ティム・クラーク、アンカーリング禁止で法的措置を模索

PGAツアープレーヤー、ティム・クラークは、今回のアンカーリング禁止決定に対し、USGA、R&A、PGAツアーを訴訟することも検討していると言い、同僚のプレーヤー、カール・ペターソンと共に、ボストンの法律顧問、ハリー・マニオン氏と相談を開始している事を明らかにしている。

クラークは、その氏名を明らかにはしていないが、マニオン氏によれば9名のPGAツアープレーヤーの代理を務めてきたといい、クラークやペターソンの他に、マスターズ優勝のアダム・スコットも含まれていることに触れている。なお、スコットは自分の名前が公表されることを了承しているとのことだ。
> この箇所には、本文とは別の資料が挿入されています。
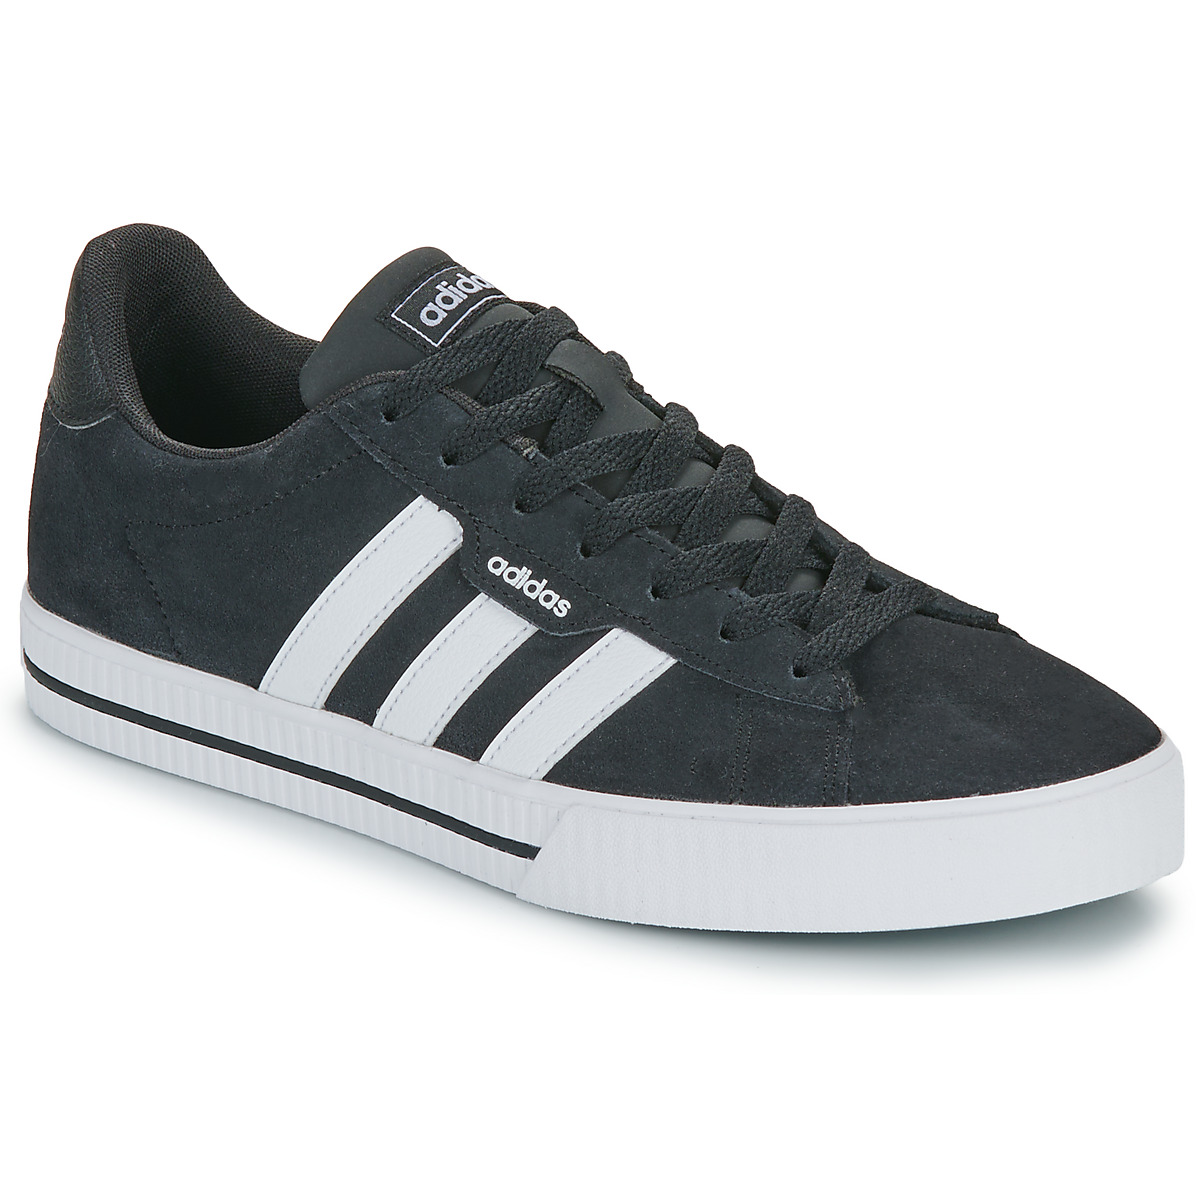 Adidas Daily 3.0 heren sneakers zwart/wit - Maat 45 - Echt leer

マニオン氏は「当事務所は彼等から取れる可能性のある法的措置の選択肢を聞かれており、それに答えている」と話し「当事務所は、PGAツアーはフィンチェム氏が"アンカーリング禁止はゴルフやPGAツアーにとって最良の判断ではない"という立場をとっていることに自信がある」と言っており「もしそうなら次に起きるのはその選択肢を模索することになるだろう」とコメントしている。
ちなみに、マニオン氏は、法律事務所、Cooley Mnion LLPの創立パートナーで、同事務所では65人の弁護士を抱え、大きな訴訟問題に従事しているとのことだ。
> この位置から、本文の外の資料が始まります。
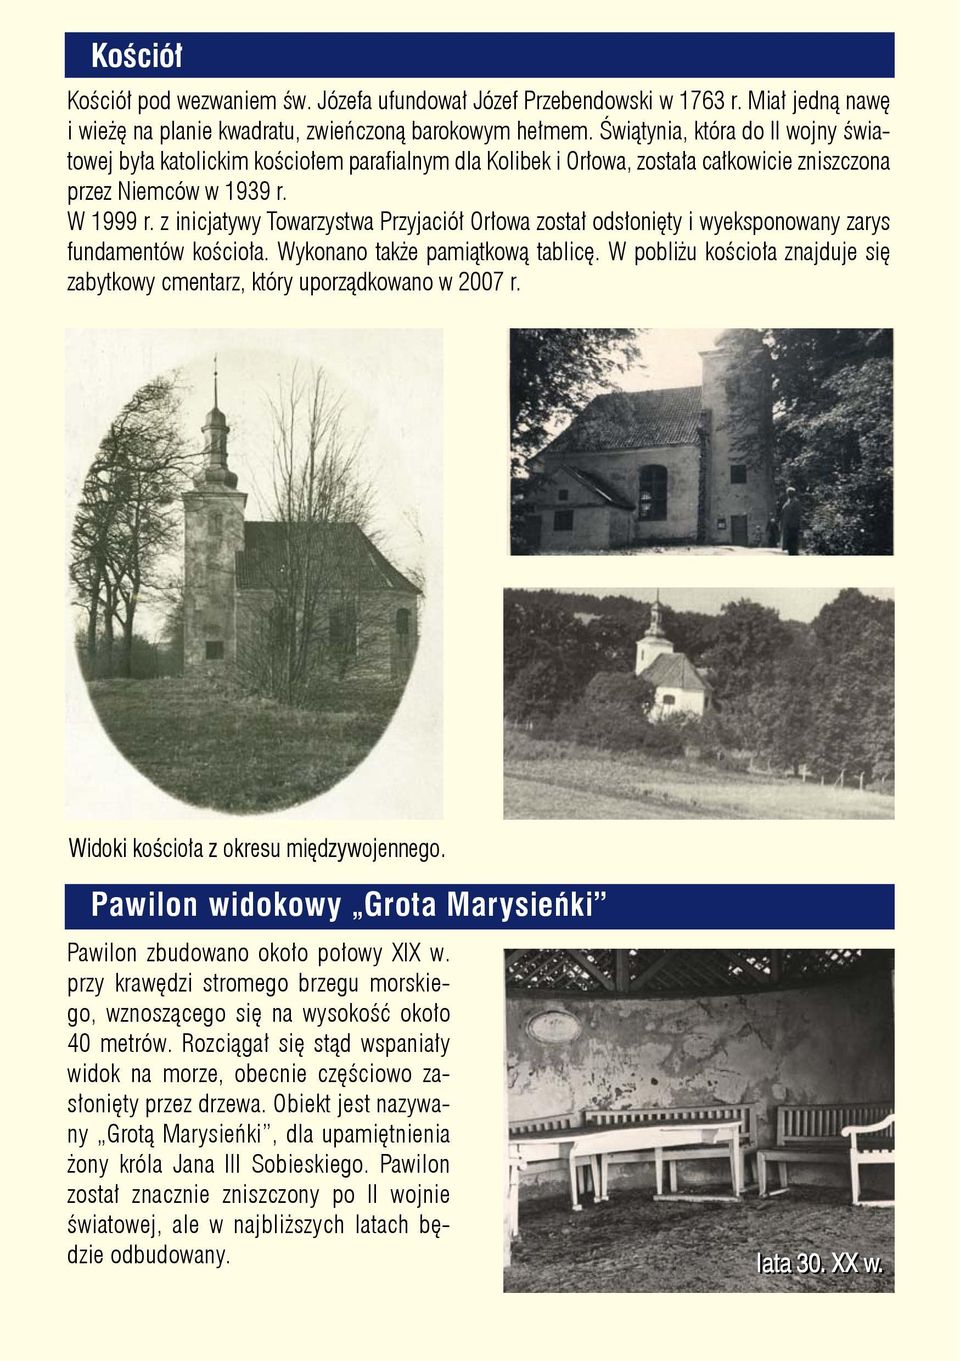 z inicjatywy Towarzystwa Przyjaciół Orłowa został odsłonięty i wyeksponowany zarys fundamentów kościoła. Wykonano także pamiątkową tablicę.

既にPGAツアーのコメントを求めるeメールが、ツアー広報を担当するタイ・ボトウ氏に送られているとのこと。
昨年11月末、USGAとR&Aがアンカーリング禁止の計画を発表して以来、ティム・クラークは自分の意見をPGAツアーの仲間達に披露しており、仲間達にも影響を与えてきている。
USGAとR&Aが5/21、アンカーリング禁止の決定を発表した直後、PGAツアーは"このルール14-1bを精査し、PGAツアー競技に採用できるかどうかを検討する。ツアーとしての意見はそれまで差し控える"との声明を発表している。
ティム・クラークは、「最良の方法は先ずPGAツアーがどういう立場を取るかを正確に知ることだ。明らかに、自分はツアーがこの決定に対していくつかの条件を付けることを期待しており、急いで結論を出さないように望んでいる。自分は、(PGAツアーの)結論には1、2ヶ月かかると思うが、放ってはおかないと思う。一度決定が出たらそれから考える」と発言している。クラークの議論の中心にあるのは、「これには生活がかかっていることを実感して欲しい」ということにあるようだ。

現在37歳のクラークは、これまで(アンカーリングを使ったロングパターの)の練習を何千時間もしてきており、それを将来も続けるつもりだったとして、「1年前の自分は、40歳になったらもっと上手くなり、稼いで家を買ったり拡張したりすることを夢見ていた。それが突然"それを続けることは駄目だ!"と言われ将来を変えられてしまった」と打ち明けている。(米国ゴルフ誌サイト記事より)

一度出されたアンカーリング禁止の結論だが、その運用については、PGAツアーがこれから選手会と相談しながら出す"ツアー競技への採用是非"の結論で、かなりの揺れが予想されるようだ。